A Bristol Virginia man sparked a statewide political reaction after he said he heard the state Senate’s majority leader insult rural gun owners while standing in a public elevator.
"He turns to his companion and says, ‘You can tell we’re debating a gun bill today. Half the cast of "Deliverance" is in town,’ " said John Pierce, a local gun-rights activist who was in Richmond to lobby the General Assembly against a bill to close the so-called gun-show loophole.
"I was absolutely floored. ... I think what you’re seeing is bigotry aimed at rural voters and the issues that they tend to support," Pierce said.
"Deliverance" is a 1972 film based on the novel by James Dickey in which Atlanta businessmen encountered a backwoods Appalachian culture on a canoe trip in the north Georgia mountains, where rape and murder ensue.
Sen. Richard Saslaw, D-Fairfax, did not return calls seeking comment Thursday.
The senator’s elevator comment on Monday has been buzzing through conservative Web sites since Wednesday, when Pierce said he sent out an e-mail alert and a news release.
Thursday morning, Pierce was on a Richmond radio show to discuss the incident.
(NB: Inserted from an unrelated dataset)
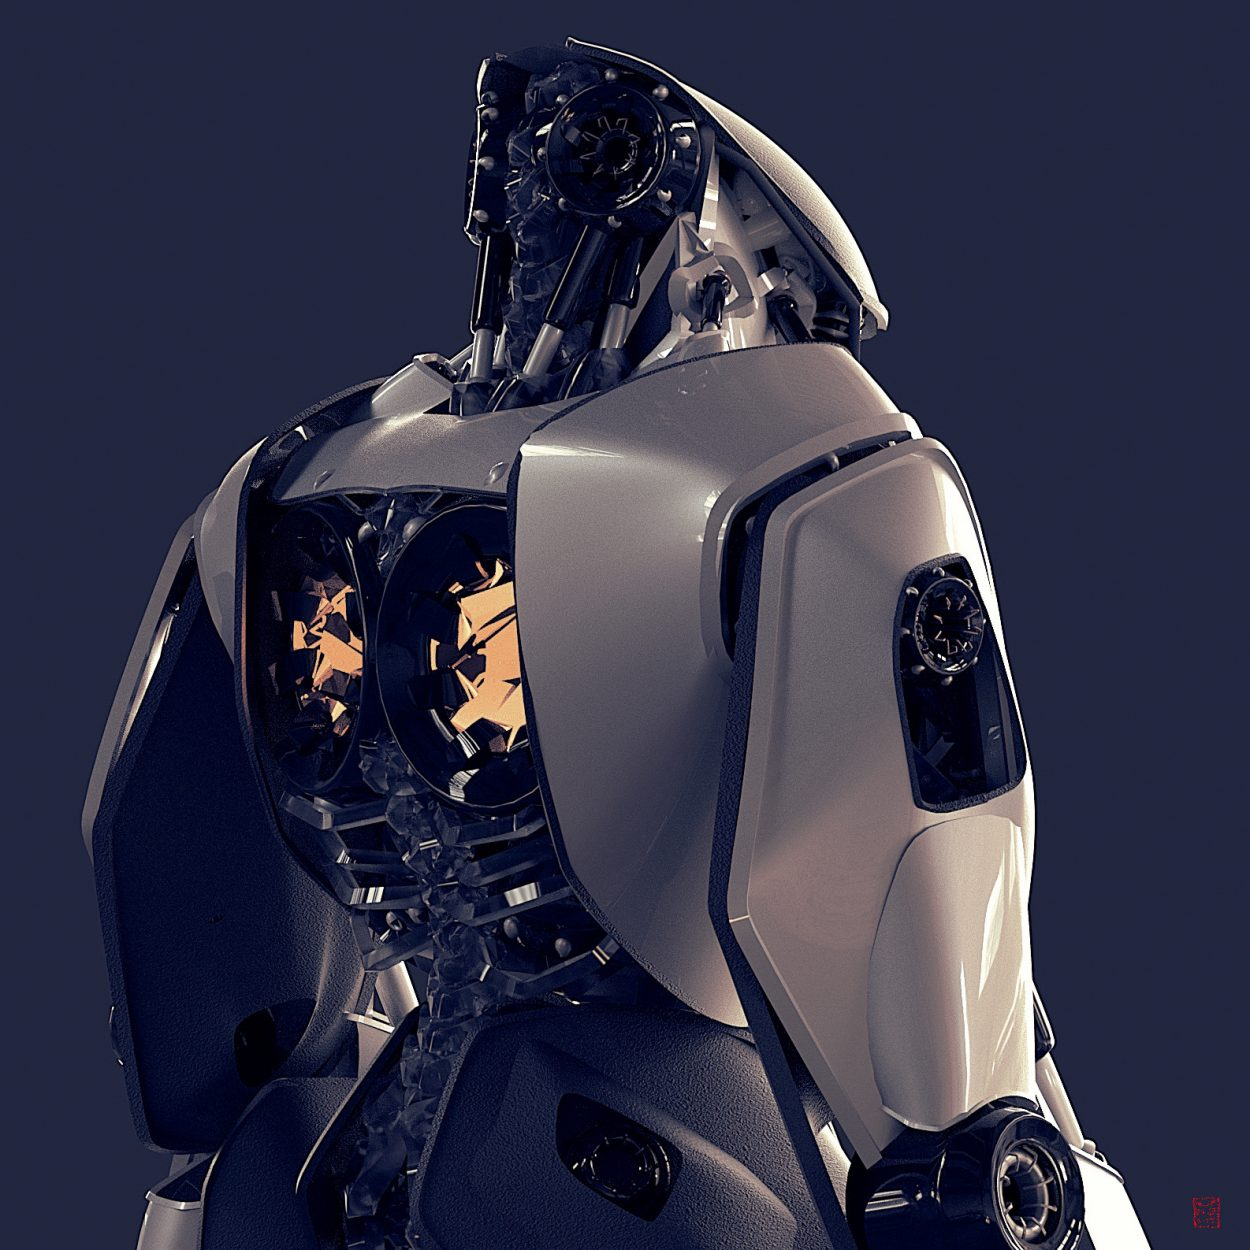 The Futuristic Digital Art of Mike Jelinek
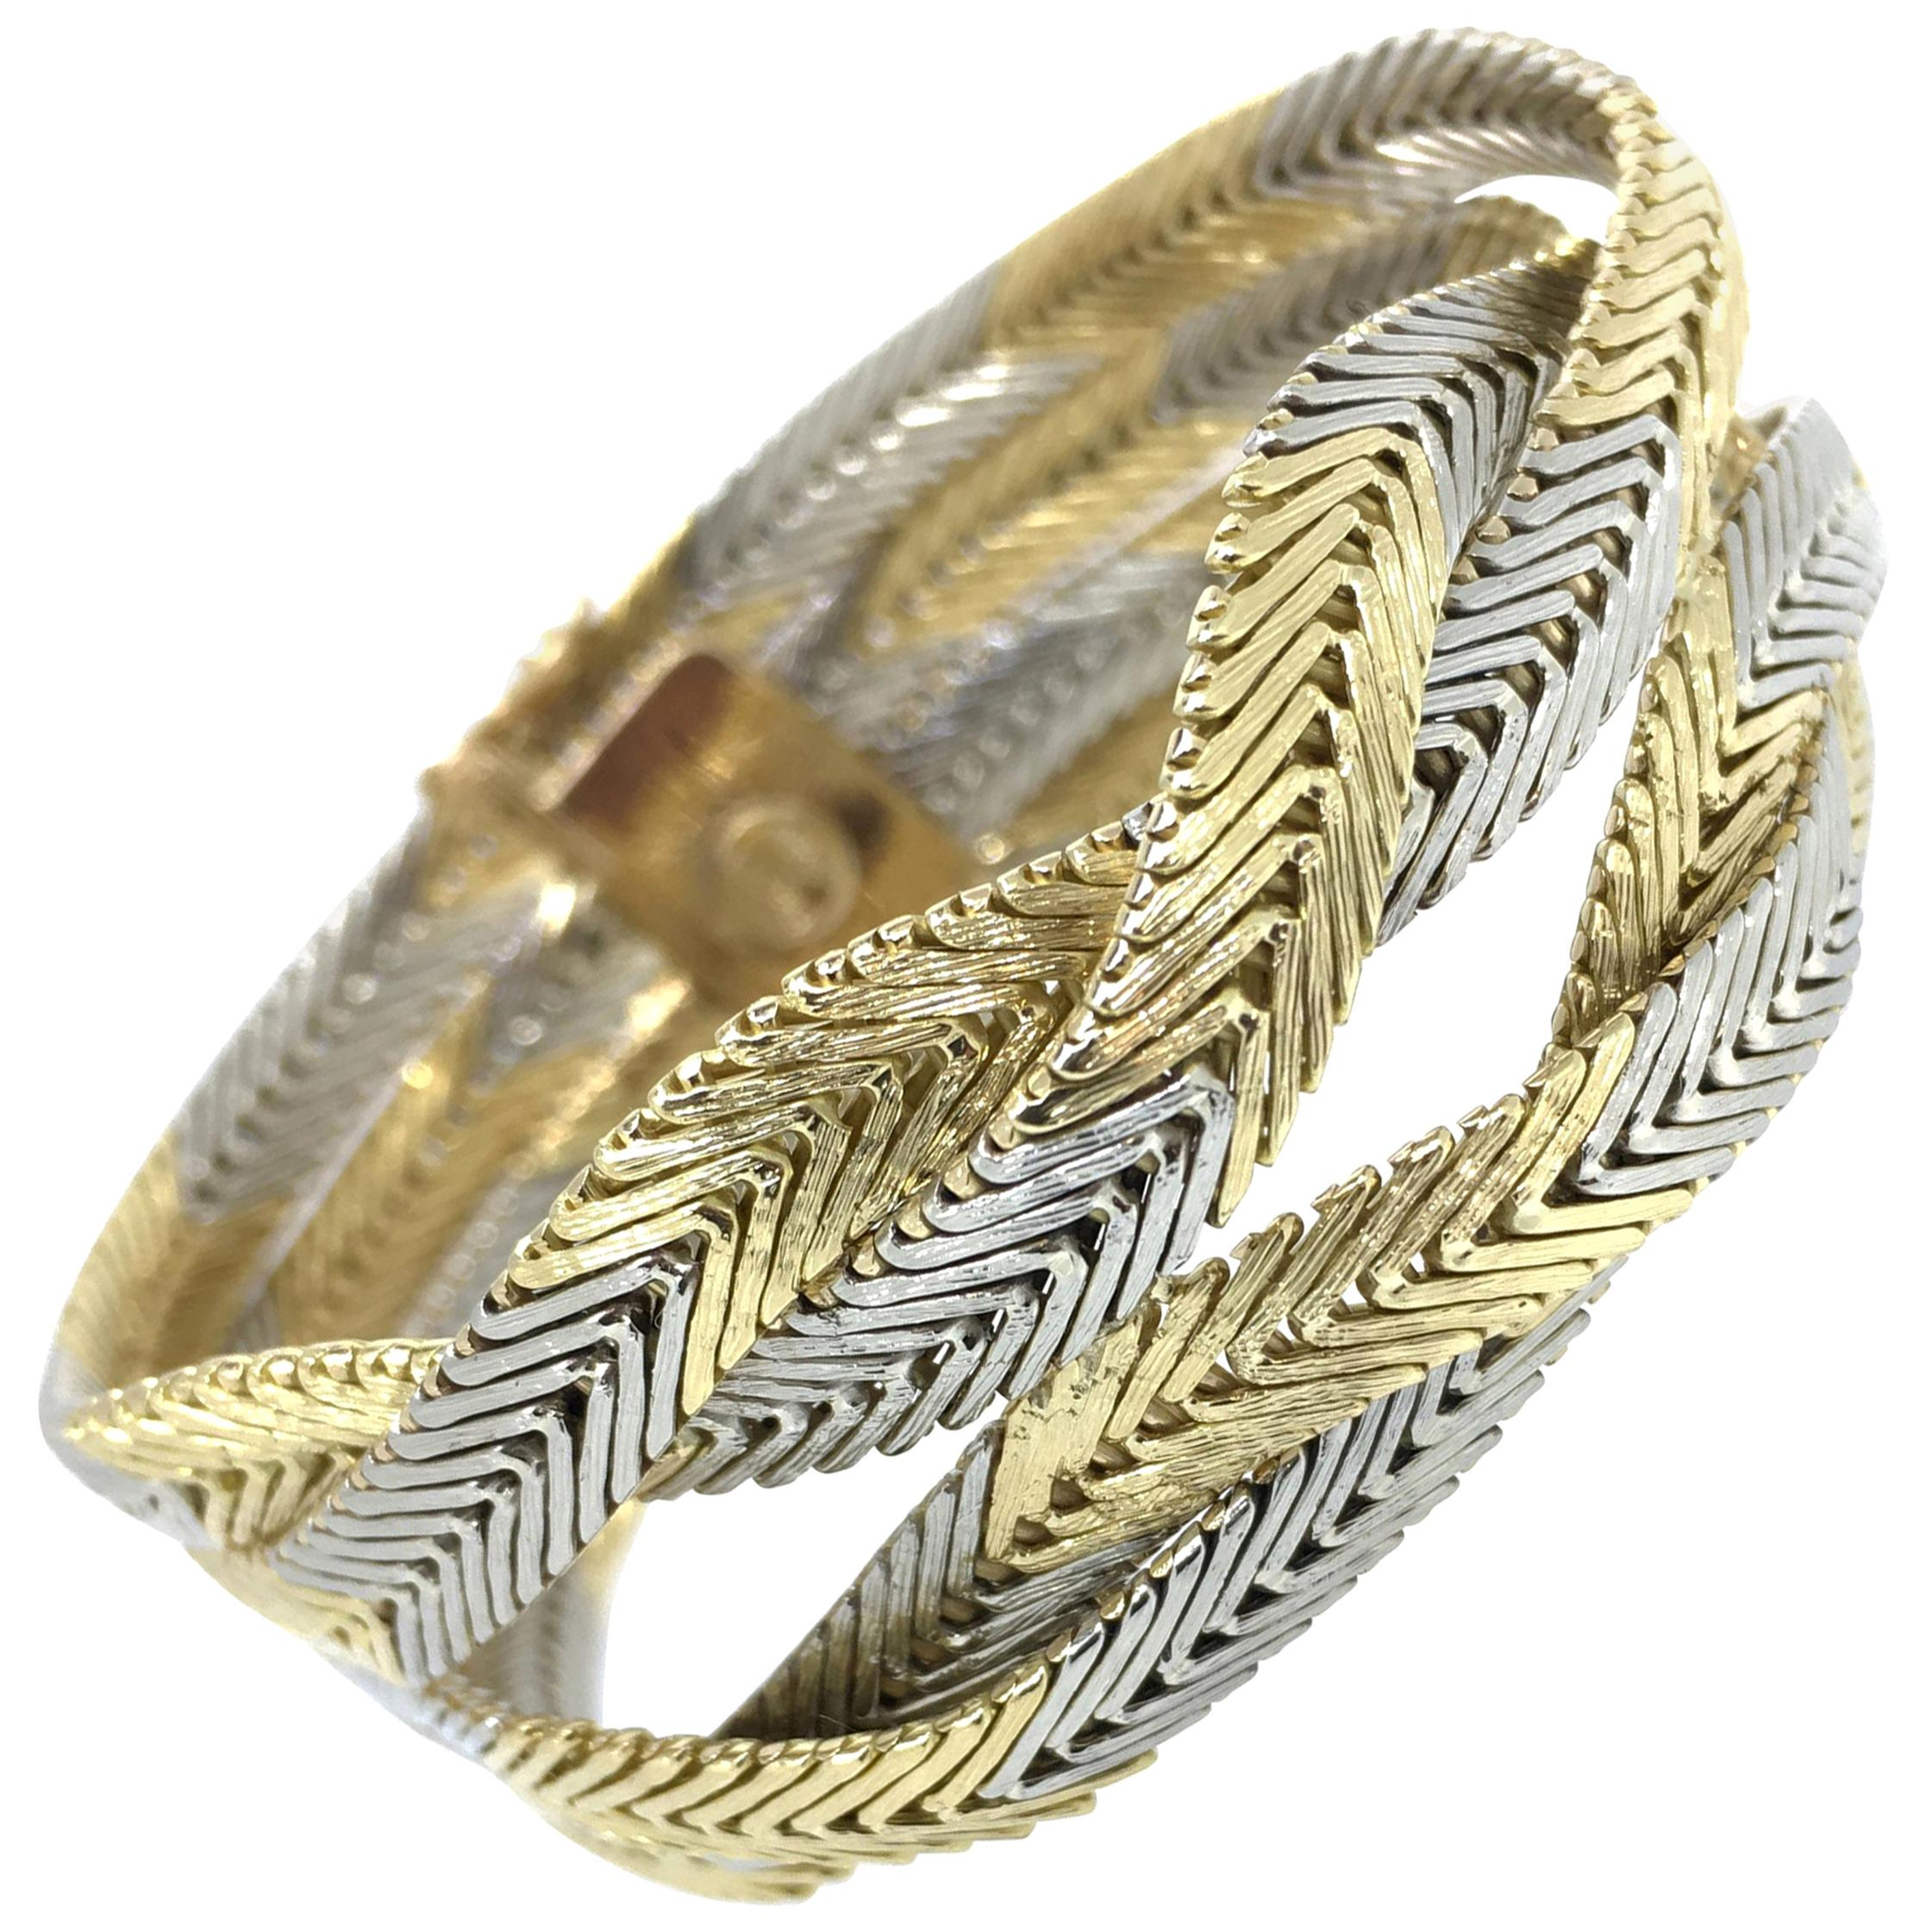 Bracelet, 18 Carat Gold, Italian Design, 1970

Trey Yeatts, executive producer of Richmond’s Morning News with Jimmy Barrett, said he wanted to ask Saslaw about the incident, but Saslaw hadn’t returned his calls.
"From the listeners that we’ve heard from, it seems that most people are, I guess you’d say, incensed," Yeatts said, "by a lack of apparent respect for [gun-rights supporters], not just in his district but within the entire commonwealth."
According to Washingtonpost.com, Saslaw responded to questions with the remark, "How do they know I was referring to them and not the other side? ... Some of those people must have one hell of an inferiority complex."
Late Thursday, the Republican Party of Virginia issued a news release asking Saslaw to explain who exactly he was insulting.
"When a member of the Virginia General Assembly makes a comment like that, I thought that it would be appropriate for him to explain himself," spokesman Josh Noland said in an interview.
"Is he meaning the supporters of these stricter [gun] laws are like the cast of ‘Deliverance’ or the people that want to protect gun rights are like the cast of ‘Deliverance,’ and what did he mean by that?"
Pierce, a software developer who lives on a farm outside Bristol, said he’d like to see an apology – and as of Thursday afternoon he said 1,896 voters had written to their legislators asking for the same.
He’d also like to see Saslaw held accountable by his own party for the comment.
"I believe that Sen. Saslaw and many of those who oppose gun ownership truly believe that those who believe in the right to keep and bear arms, those who hunt, those who come from a rural background, are somehow less deserving of respect than the elite urbanites that they consider themselves and their peers to be," Pierce said.
"I think that the goal is not so much to get Sen. Saslaw to apologize but to get the Democratic leadership, many of whom are very pro-gun and do a lot of great things for rural Virginia, to rein him in and tell him that’s not acceptable."